Перечисленные мною до сих пор художники были те из новых русских живописцев, которыми всего более восхищался Крамской и которых считал настоящими краеугольными камнями нового художественного нашего развития. Но самые искренние его симпатии лежали на стороне многих других еще наших художников, которых талант его восхищал, а успех радовал до глубины души.
Но это никогда не мешало ему видеть существующие у них недочеты и высказывать это, как самим авторам, прямо в глаза, в устных беседах и письмах, так и прочим товарищам по искусству.

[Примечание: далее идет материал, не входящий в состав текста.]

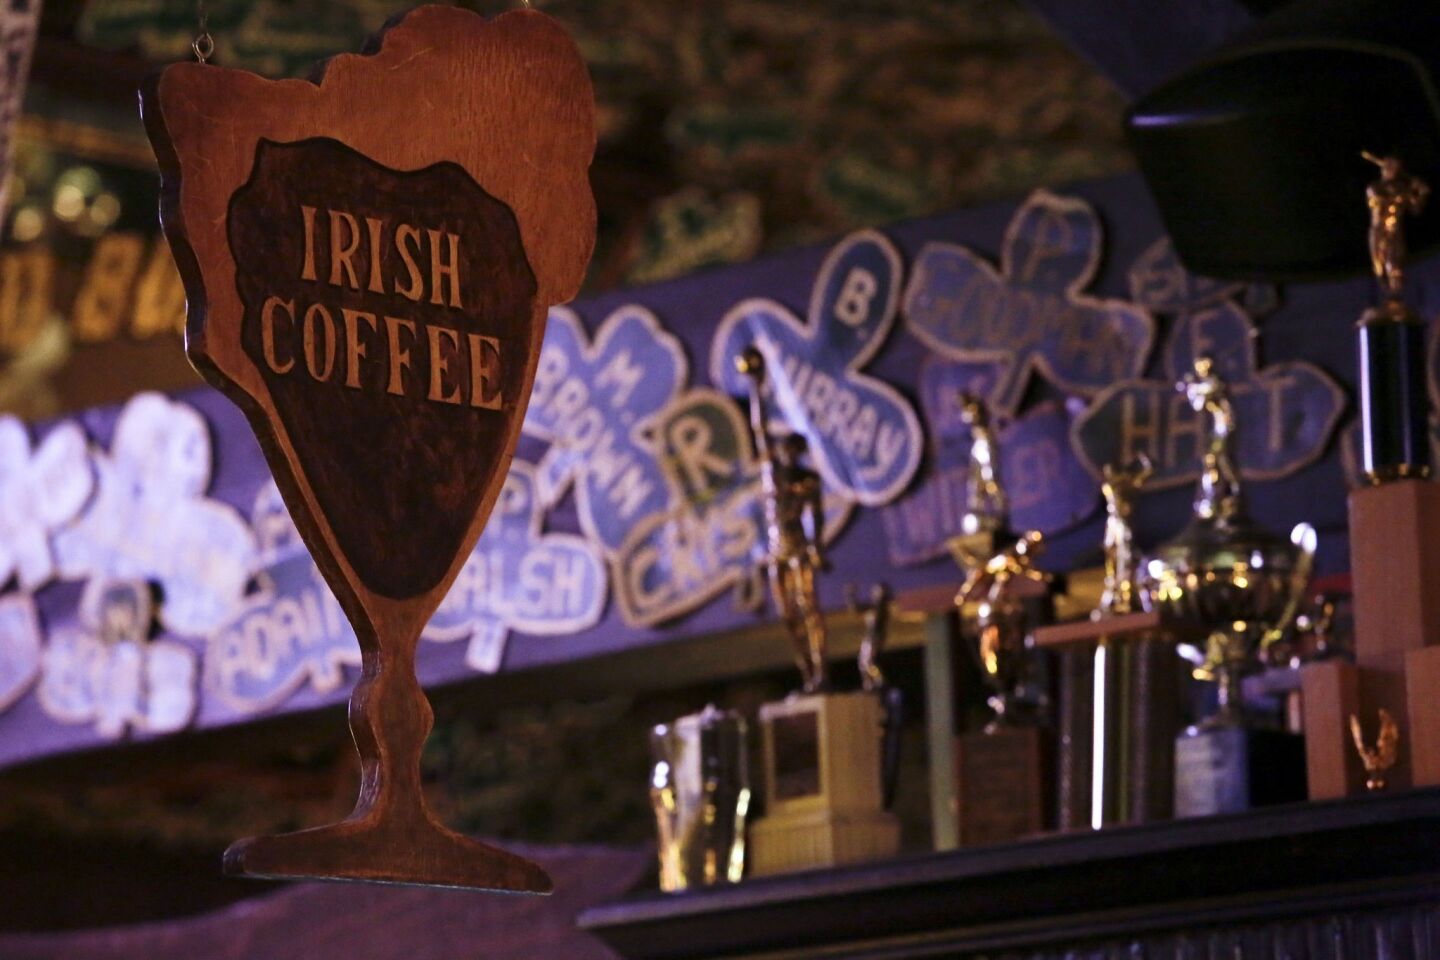 The restaurant and bar was known for its Irish coffee.
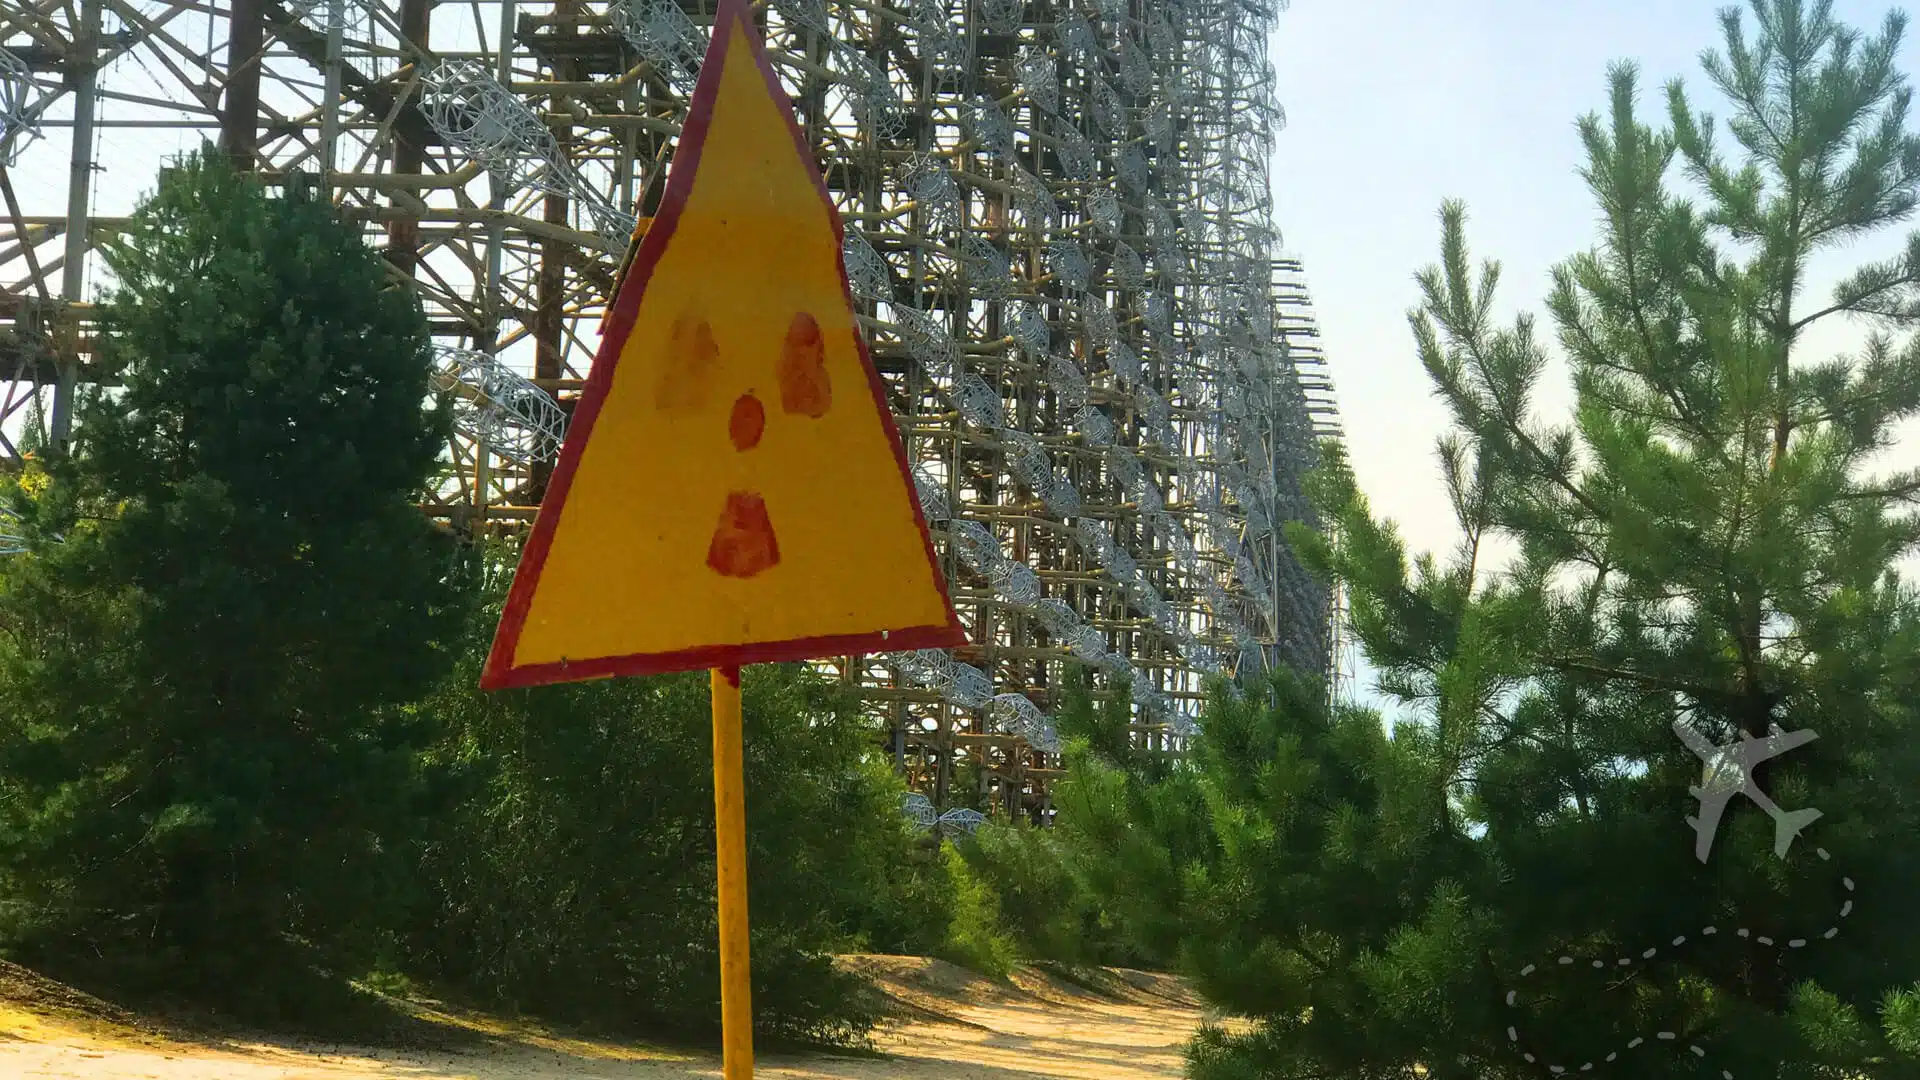 Radiation warning sign in front of the Duga OTH antenna array.

Федотова и Перова он однажды назвал (в письме ко мне 14 апреля 1884 года) еще „не совершенными художниками, а только носителями идей“; но это было единственный только раз. Конечно, со стороны живописной техники и исполнения, Федотову и Перову многого еще недоставало, и с этой стороны Крамской был довольно прав в своем суровом отзыве; но все-таки он не мог не видеть и великих качеств этих людей, и того, как они двинули русское искусство по пути правды и истинного выражения жизни. Каждое новое произведение Перова радовало его; знаменитые его портреты (Камынина, Погодина, Достоевского, Даля и проч. на выставке 1872 года) — он называл блистательными. Но по поводу его картины „Выгрузка извести“ он ему писал: „Картина, несмотря на неудовлетворительный рисунок и местами даже дурной, — делает чрезвычайно сильное впечатление сочинением, содержанием и общим тоном картины. Мне остается только сожалеть, что такая страшная мысль, такое драматическое содержание, быть может, самое серьезное из всех, вами взятых сюжетов, стоит по исполнению фигур не на том уровне, какой я уже привык у вас видеть. Вы требовали от меня отчета — я вам сказал“. Когда Перов стал болезненно изменяться, и физически и морально, Крамской один из первых указал на печальную перемену, говорил, что „Перов стал писать как-то развязно и трубно“, что он, „кажется, почувствовал себя великим человеком“. Крамской называл его „московским папой“, и долго старался беседами и письмами возвратить его на прежний высокий его пост. К его горести, ничто не помогло. Незадолго до окончательной катастрофы Крамской все еще душевно радовался на те немногие чудесные народные типы, которые Перов (в виде исключения) успел вставить в свою неудачную картину „Никита Пустосвят“.